Eukaryotic elongation factor-2 kinase (eEF-2 kinase or eEF-2K), also known as calmodulin-dependent protein kinase III (CAMKIII) and calcium/calmodulin-dependent eukaryotic elongation factor 2 kinase, is an enzyme that in humans is encoded by the EEF2K gene.

Function 

eEF-2 kinase is a highly conserved protein kinase in the calmodulin-mediated signaling pathway that links multiple up-stream signals to the regulation of protein synthesis. It phosphorylates eukaryotic elongation factor 2 (EEF2) and thus inhibits the EEF2 function.

Activation 

The activity of eEF-2K is dependent on calcium and calmodulin. Activation of eEF-2K proceeds by a sequential two-step mechanism. First, calcium-calmodulin binds with high affinity to activate the kinase domain, triggering rapid autophosphorylation of Thr-348. In the second step, autophosphorylation of Thr-348 leads to a conformational change in the kinase likely supported by the binding of phospho-Thr-348 to an allosteric phosphate binding pocket in the kinase domain. This increases the activity of eEF-2K against its substrate, elongation factor 2.

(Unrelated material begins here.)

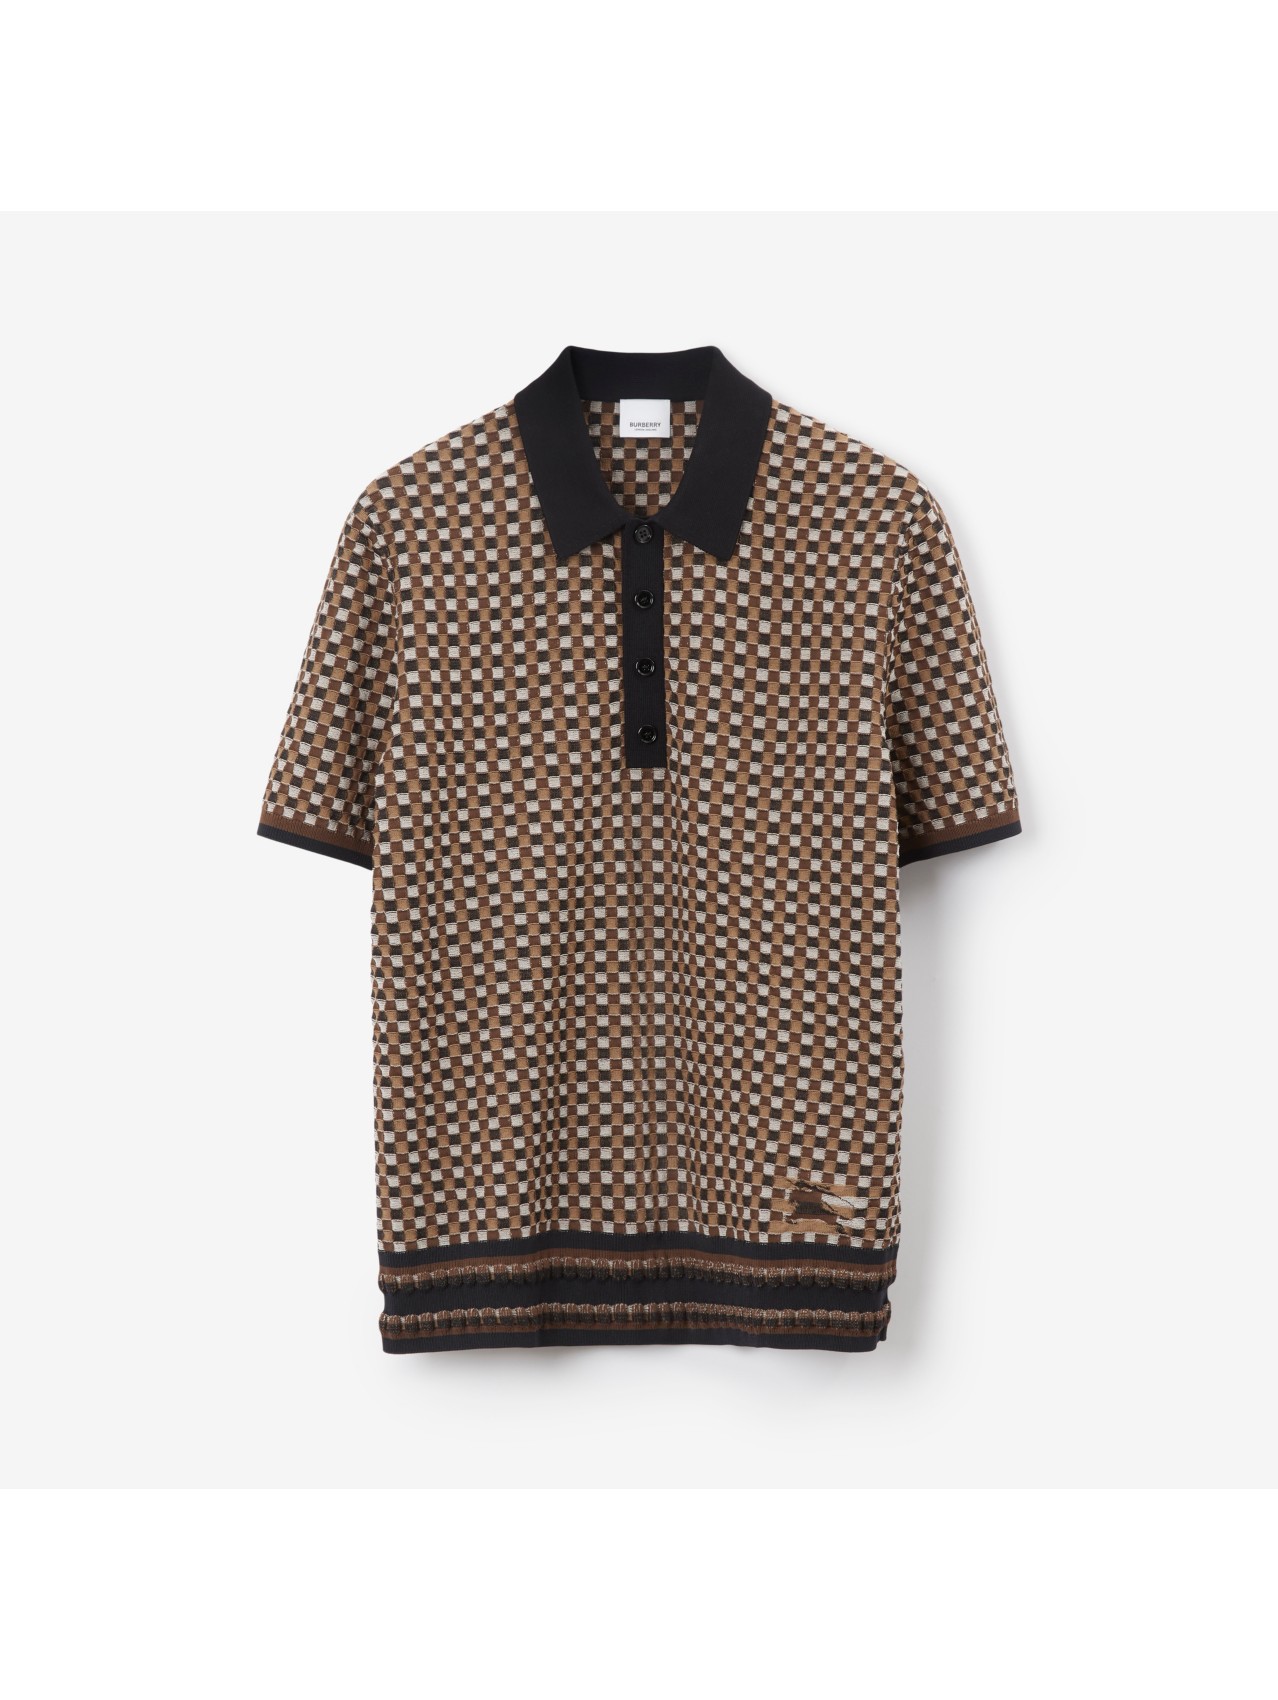 Men's Designer Polo Shirts & T-shirts | Burberry® Official

eEF-2K can gain calcium-independent activity through autophosphorylation of Ser-500. However, calmodulin must remain bound to the enzyme for its activity to be sustained.

Clinical significance 

The activity of this kinase is increased in many cancers and may be a valid target for anti-cancer treatment.

It is also suggested that eEF-2K may play a role the rapid anti-depressant effects of ketamine through its regulation of neuronal protein synthesis.

Cancer 
eEF-2K expression is often upregulated in cancer cells, including breast and pancreatic cancers and promotes cell proliferation, survival, motility/migration, invasion and tumorigenesis.